Misson 12「伝説のフェニックス」(その5)

ハルケギニアの大地に 太陽は没した。
残照すら消え去った薄闇の空を 雪風が飛ぶ。
沈黙のコクピット。無言の搭乗員 二名を乗せて飛ぶ。
翼下の専用ラックに固定された 『お喋り魔剣』のデルフすら、何も語ろうとしなかった。雪風経由のLinkなど、使わなくとも判る。
〔嬢ちゃん、ヤル気だな〕

長い沈黙を破ったのは ルイズだった。
「隊長。」 いつもの溌剌とした明るい声ではない。
「ん、何だい?」
それが判る。判るからこそ ワルドはそれに触れず、普段通りの調子で返す。
「戦列艦の搭乗員って、何名位ですか?」
「う~ん。そりゃフネの規模にもよるから一概には言えないけど、最新鋭の艦 ヤツ等が勝手にに改名した『レキシントン』で八百弱ってところかな?」
「そうですか。」
ルイズは、炎上する巨艦の姿を思い浮かべた。爆発と煙の中 竜騎士と脱出艇が兵を満載して離脱する。
全乗員の半分も逃げられれば良い方だろう。そして、残りの半分は…
「ニューカッスル城付近に展開している レコンキスタの艦隊、あれ 全部沈めたら、流石に攻撃中止にはなりますよね。」
「ああ、そうだね。」
「城攻めを本格的に再開するまで、どのくらいの日数を稼げると思いますか?」
「そうだなぁ。少なく見積もっても三ヶ月、上手くすれば半年…
 だけど、本当に『出来る』のかい?」
「はい、『雪風』なら。
 でも 『私』は…」

「もし君が 正規の騎士だったら、僕が言うのはたった一言。『やれ!』、それだけさ。
 だが まだ君は見習いだ。迷っているんだったら、止めた方がいい。
 如何に雪風が強くても 君が迷っていれば、不測の事態も起きかねない。」
眼を閉じて 深く考え込むルイズ。
「『迷い』… いいえ、迷いは捨てたはず。
 あの日 雪風と共に進むと誓った あの時に。
 だから 今、感じているもの。これは 身勝手な『ためらい』。私が騎士を名乗る為に 自ら乗り越えねばならない障害なんです。」
「ルイズ…」
そして コクピットに響く警告音。モニタの表示と 雪風からルイズへの報告。
《レーダーに反応。ニューカッスル城攻略艦隊 捕捉。有効射程まで120秒》
来た! 迷いもためらいも その瞬間に吹っ飛んだ。ルイズは 雪風が背中を押してくれたような気がした。
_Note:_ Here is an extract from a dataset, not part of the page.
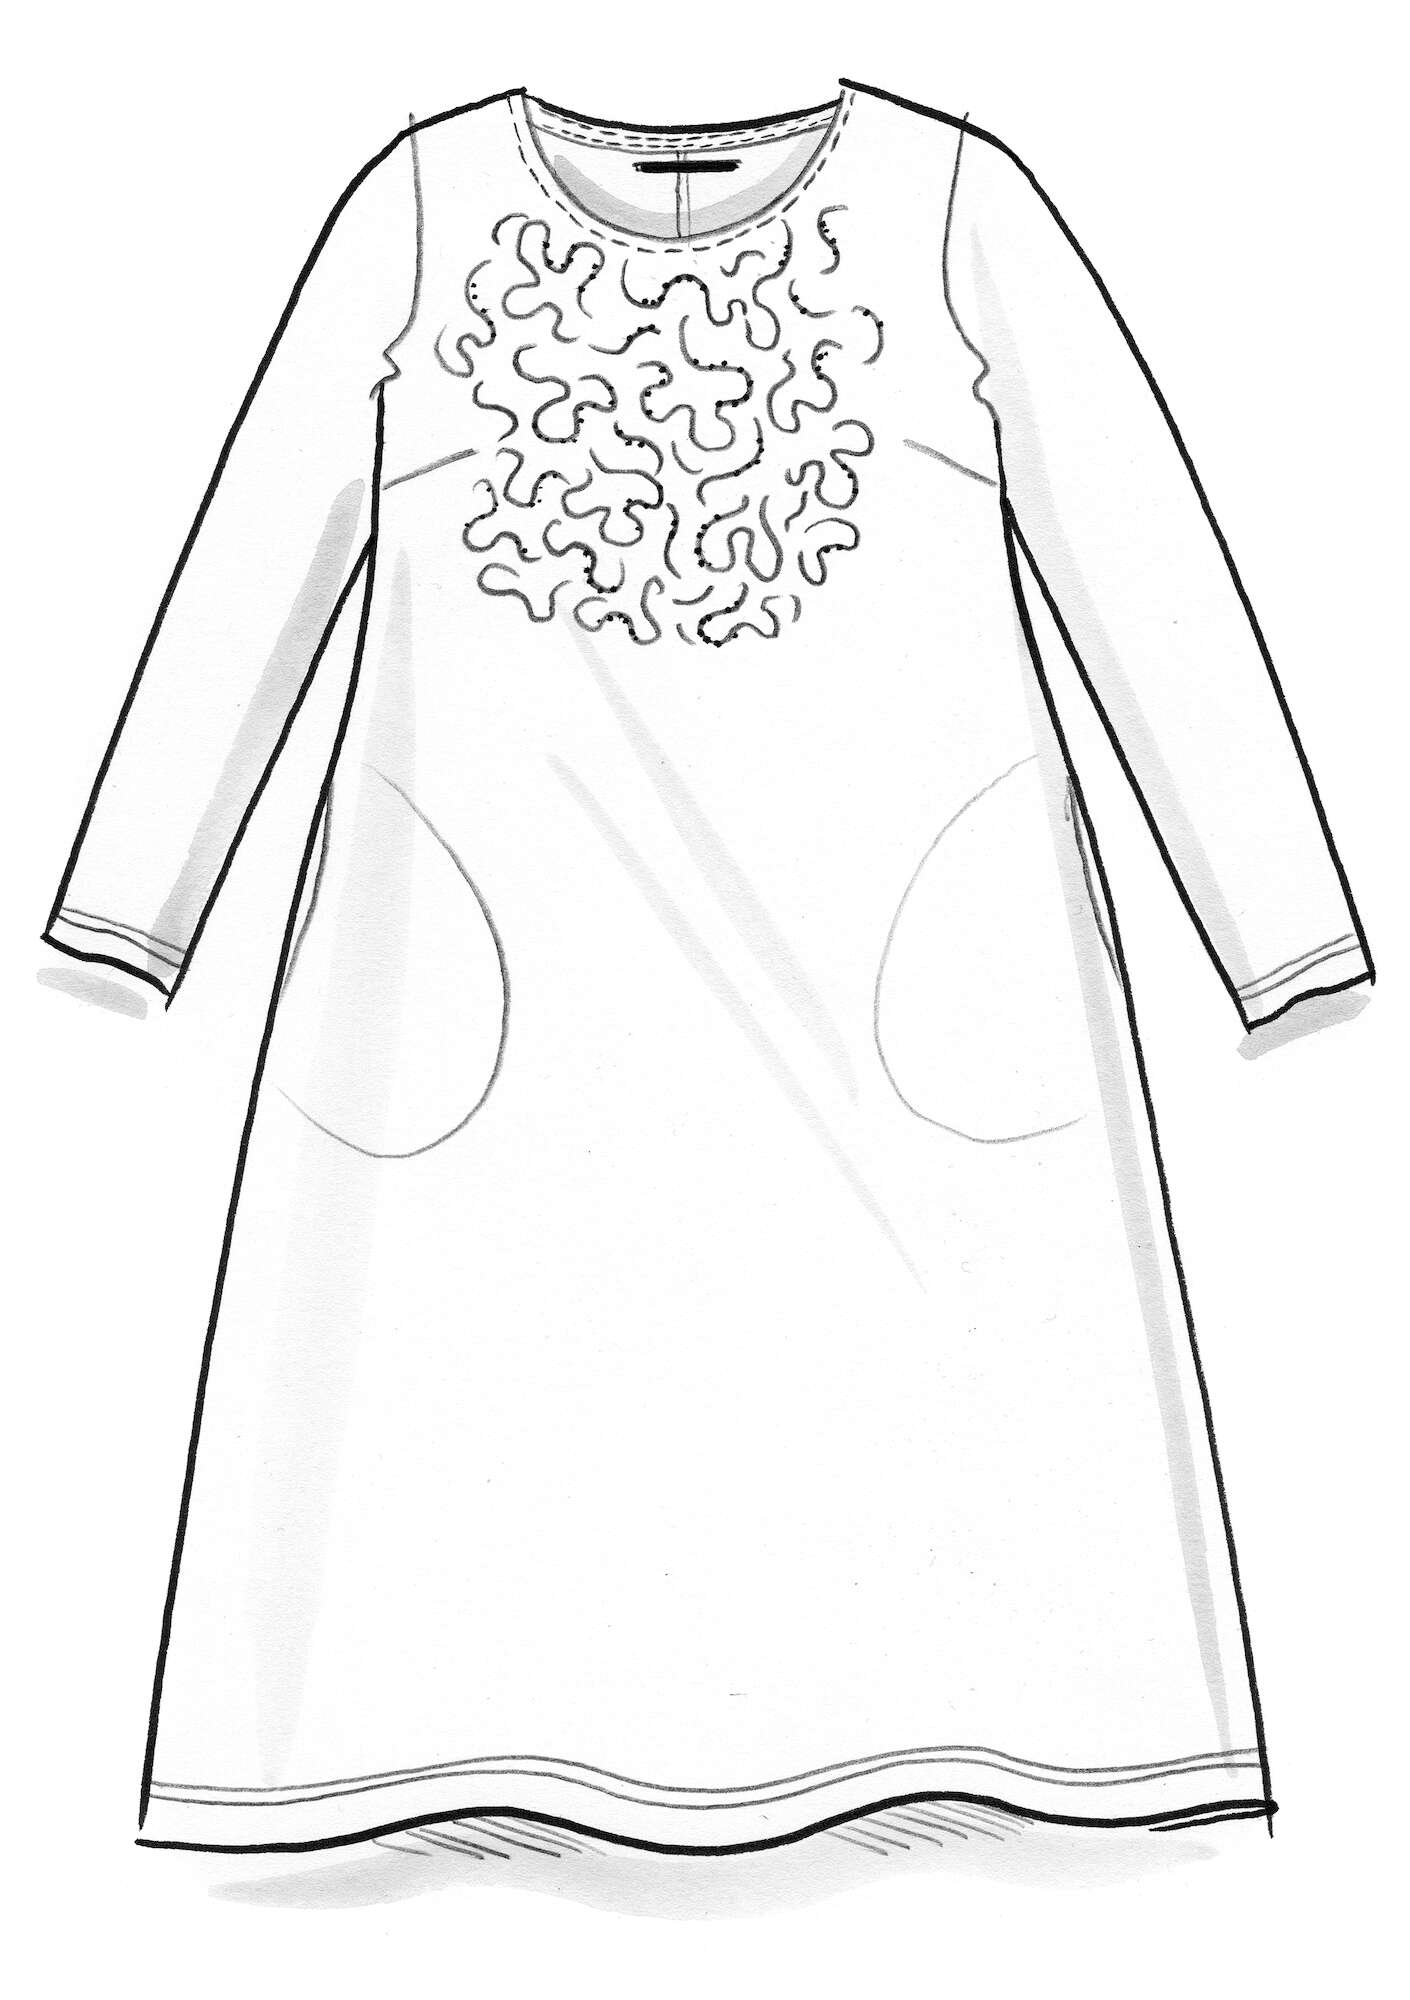 Tricot jurk  Satsuma  van linnen

そんな事は有り得ない。それも 判っている。それでも そう信じたかった。
「雪風、SET AAM-L、AAM-M、AAM-S及びAMM。
 ターゲット レコンキスタ艦艇群。
 信管は内部爆発に。
 優先破壊箇所は竜骨・風石庫・火薬庫の順。目的は、確実に目標を修理不能の状態にすること。
 照準は任せるわ。トリガーは…私に!」
《RDY. All Target ROCK ON.》
「アイツ等に 雪風の力を見せ付けてやるわ!
 派手に行きましょう、『ジャムセンスジャマー』展開!!」
《JSJ ON.and ECM ON.》
雪風の機体全面に 紅く光る縞模様が蠢く。ジャムセンスジャマー。本来は、同様の迷彩を行うジャム戦闘機への眼晦ましである。
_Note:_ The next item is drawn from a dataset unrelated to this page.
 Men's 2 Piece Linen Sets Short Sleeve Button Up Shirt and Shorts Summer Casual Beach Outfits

だが ルイズは、出来るだけ多くのレコンキスタ兵に雪風を認識させようと 敢えて目立たせる為に使用した。
ハルケギニアの戦場において『最強』の兵器 戦列艦。その群れに 異世界の空で最強を誇った戦術偵察機が襲い掛かる!
それは ルイズにとっては、トリガーに掛けた指に ほんの少し力を入れるだけのこと。彼女は、もう ためらわない。
「全ミサイル 斉射っ!!!」

『風石』を使って空を飛ぶ いわゆる『フネ』が何時頃から存在したのか 定かではない。
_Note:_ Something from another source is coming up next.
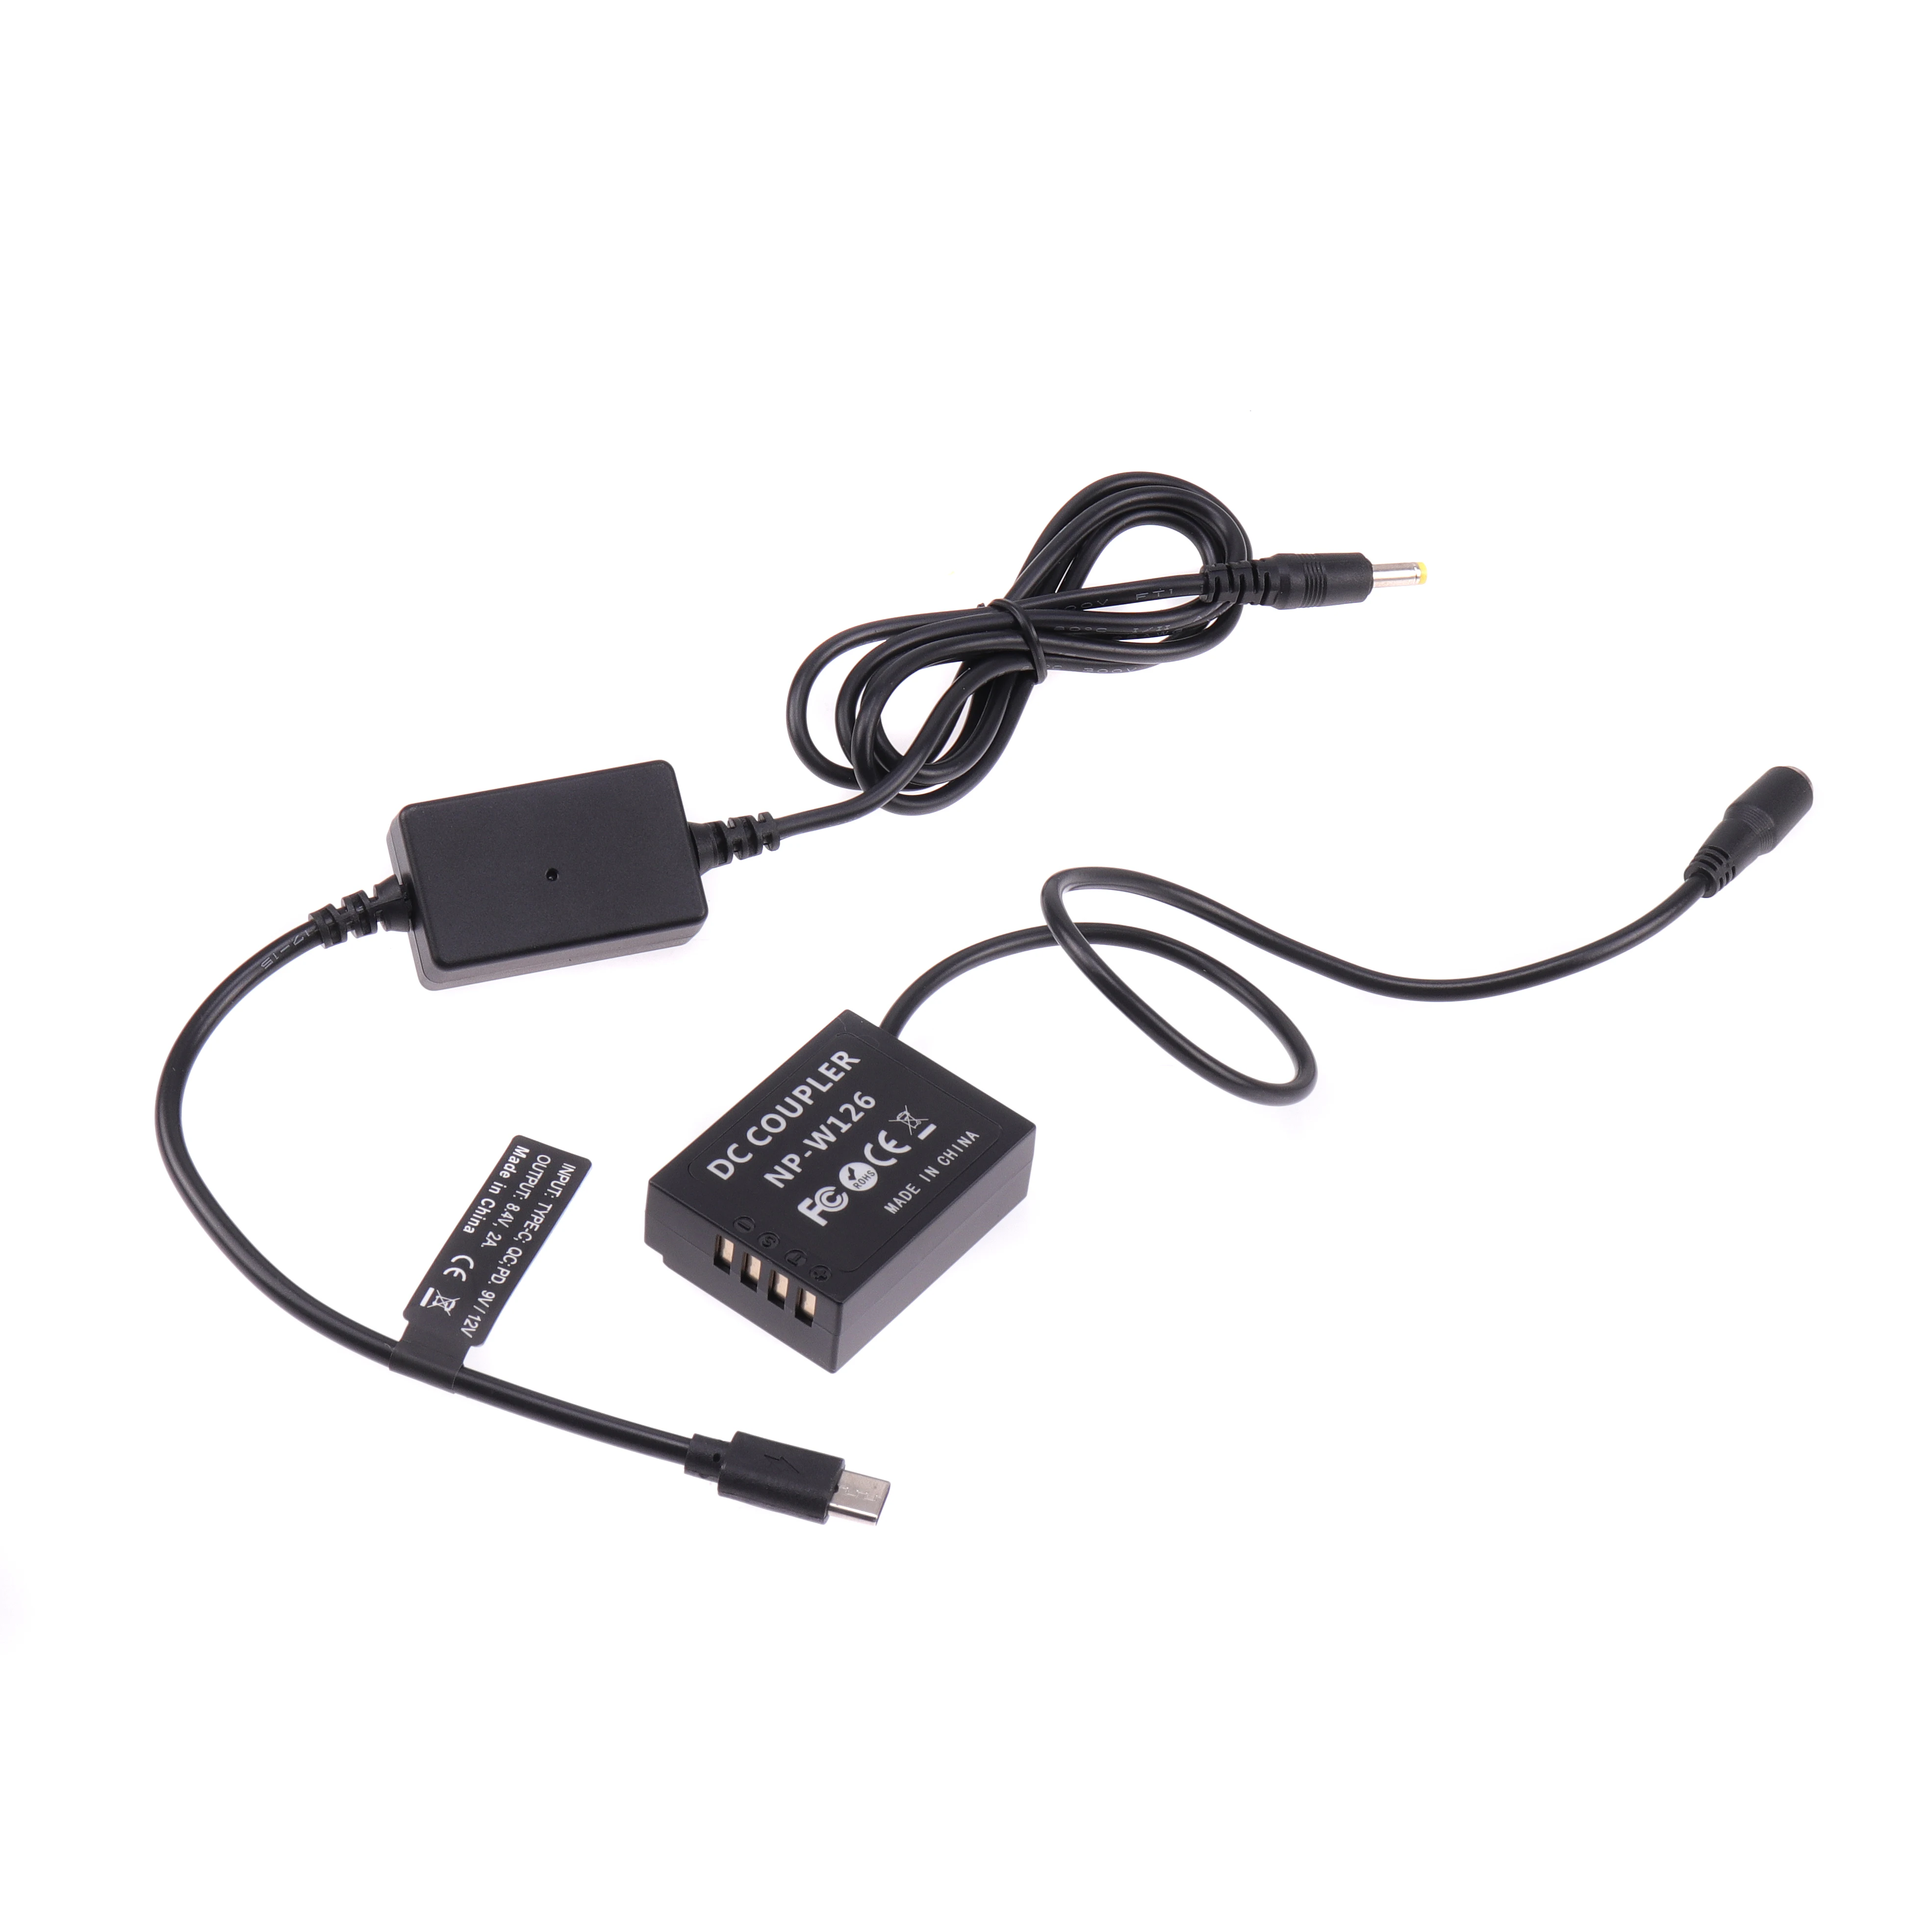 ZITAY Type C USB C to FUJI NP-W126 Dummy Battery Power Cable Cord Wire External Battery Adapter Converter Compatible for Fujifilm X100F XT3 XT2 XT1 XT30 XT20 XT10 XT100 XA5 XE3 X-H1 X-Pro2 Cameras etc

しかし、現在の『戦列艦』という形態の艦艇が造られて以降 ハルケギニア最強兵器の座は揺らぐ事は無かった。
如何に巨大な地上砲台といえど、充分な高度をとった戦列艦を その射程に納める事は出来なかったからだ。
戦列艦を攻撃可能なのは 同じ戦列艦か竜騎士等の天翔るモノだけ。
空軍を伴わない地上部隊は 一方的に攻撃を受けるしかない。
戦列艦の欠点と言えば 巨額な建造費ぐらいだろう。
だが、それゆえに戦列艦が沈む事は まず無い。
貴重な戦力に無理をさせて 結果沈めてしまっては、例えその場を勝利したとしても 戦略的には負けに等しい。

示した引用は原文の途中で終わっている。